His story appeared under the headline, "Hero Or Hoax: The Rubén Mejia Story /A radio station call-in from a father turns into a fabricated story being sent through the newswires and republished by outlets around the world."

De La Cruz then traced the spread of the tale: "The story first appeared through Mexico's El Universal's website through a newswire from Notimex. . . . . It was run on May 3 by La Opinion's news site. . . . The story's origins have since been retraced to an interview that took place between a caller and a radio host on Los Angeles' La Raza, 97.9 radio station. However, no archive of the interview can be located.

". . . some raised skepticism because no other outlets were releasing the names of the operatives that participated in the mission."

Pitts Revisits Sept. 11, Topic of His Most Popular Column

As noted previously in this space, the career of syndicated Miami Herald columnist Leonard Pitts Jr. took off after Sept. 11, 2001, when he wrote a column on the terrorist attacks that drew more than 26,000 e-mails and was posted on the Internet, chain-letter style. "You monster. You beast. You unspeakable bastard," Pitts wrote, addressing the terrorists. He went on to win a 2004 Pulitzer Prize.

The onetime pop music critic wrote a coda to those sentiments Monday after the killing of Osama bin Laden. It began:

"Dear Sam:

"This will be the last letter I write you. I don’t think they have newspapers where you are.

"I first wrote you nine years ago on that cloudless blue Tuesday morning when 19 men under your command hijacked four airplanes. They crashed two into the towers of the World Trade Center, one into the side of the Pentagon, and the last into a field near Shanksville, Pa. Nearly 3,000 people died that day and I remember being numb with the weight of it all.
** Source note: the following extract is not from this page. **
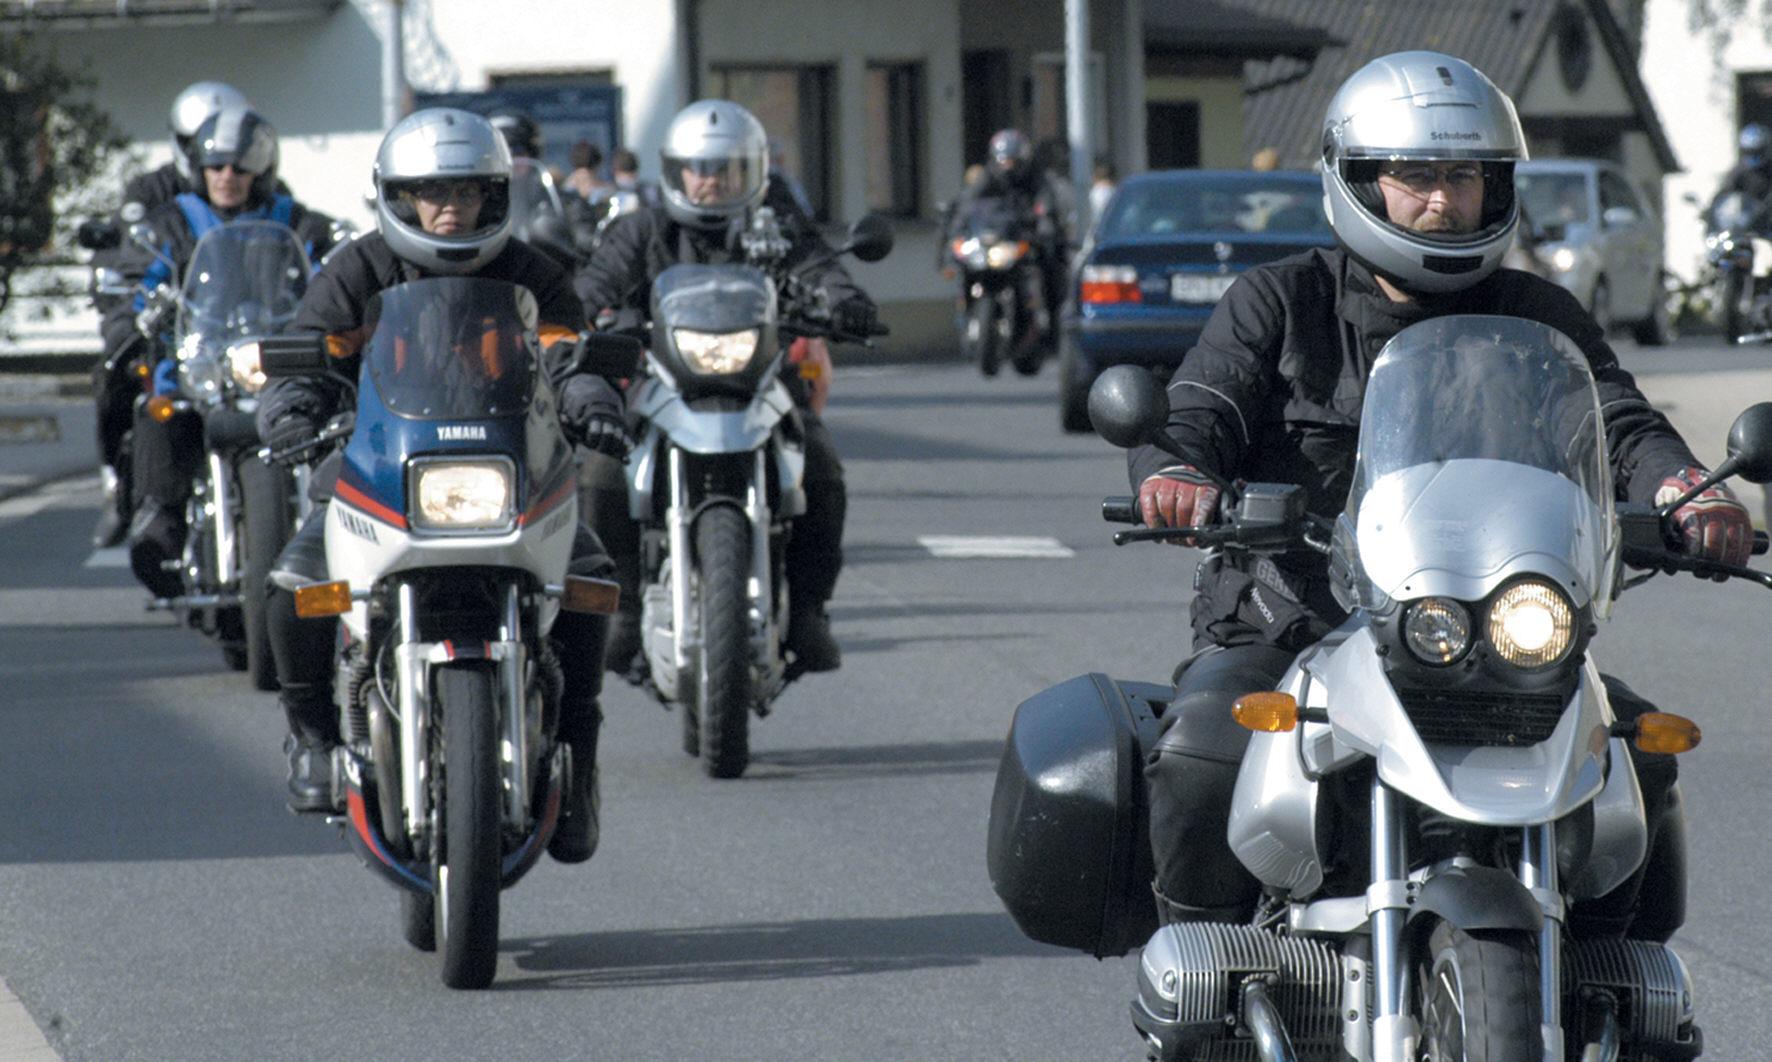 Gemischte Ergebnisse beim Motorradhelm-Test

"I didn’t even know your name at the time, so I addressed myself to a monster, a beast, a bastard – which, as it turns out, was an accurate salutation. You had bloodied us, I said, as we had seldom been bloodied before.

"But I warned you that you had not defeated us – and I promised you retribution. 'When roused,' I wrote, 'we are righteous in our outrage, terrible in our force. When provoked by this level of barbarism, we will bear any suffering, pay any cost, go to any length, in the pursuit of justice.' . . ."
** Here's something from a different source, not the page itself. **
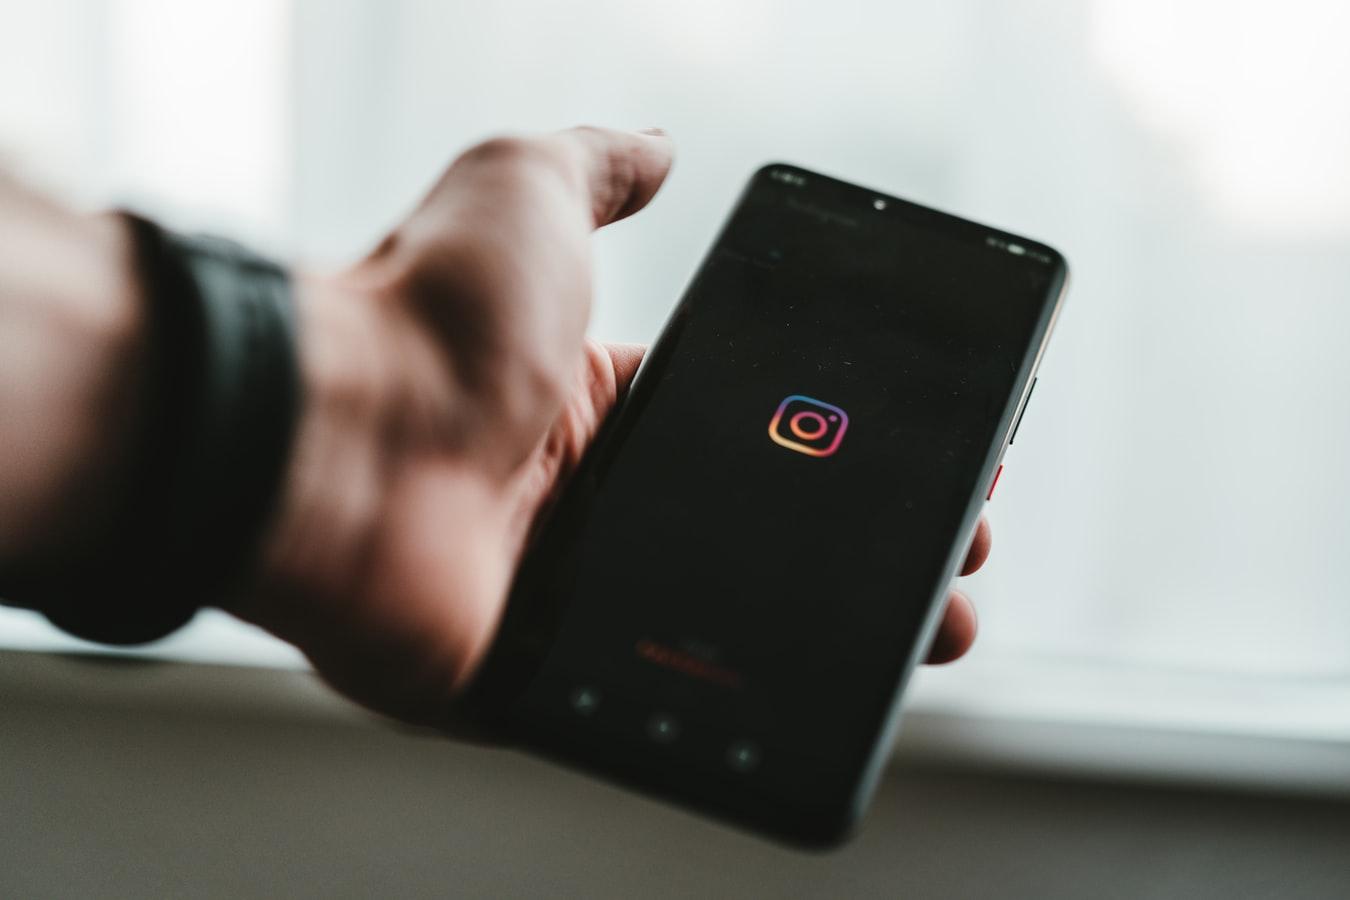 Cómo enviar Instagram DM desde su computadora de escritorio / portátil en sencillos pasos

4 Journalists of Color Win Michigan Journalism Fellowships

Vanessa Gezari, left, Phillip Morris, Aisha SultanFour journalists of color — an African American and three Asian Americans — have been chosen for the Knight-Wallace Fellows program at the University of Michigan for the 2011-12 academic year, program director Charles Eisendrath told Journal-isms on Wednesday.

The four are Vanessa Gezari, a freelance writer of Iranian background who plans to study Persian language, literature and history; Phillip Morris, a black journalist who is metro columnist for the Plain Dealer of Cleveland and plans to study the role of social media in creating social change; Andrea Hsu, producer of NPR's "All Things Considered," who plans to examine innovative approaches to health care awareness; and Aisha Sultan, home/family editor and columnist at the St. Louis Post-Dispatch, whose topic is raising children in a digital society. Sultan is of Pakistani background.

Morris was a finalist for this year's Pulitzer Prize for commentary.

"While on leave from regular duties, Knight-Wallace Fellows pursue customized sabbatical studies and attend twice-weekly seminars at Wallace House, a gift from newsman Mike Wallace and his wife Mary," the program explains in its news release. "The program also includes training in narrative writing, multi-platform journalism and entrepreneurial enterprise. News tours for the KWF group to Buenos Aires, Sao Paulo and Istanbul are arranged by host news organizations.

"Each Knight-Wallace Fellow receives a stipend of $70,000 for the eight-month academic year. Funding is entirely from endowment gifts by foundations, news organizations and individuals committed to improving the quality of information reaching the public."

Eisendrath said 16 of the 76 applications the program received were from journalists of color. He said he was "very pleased" with the results of outreach the program had made at the journalist of color conventions.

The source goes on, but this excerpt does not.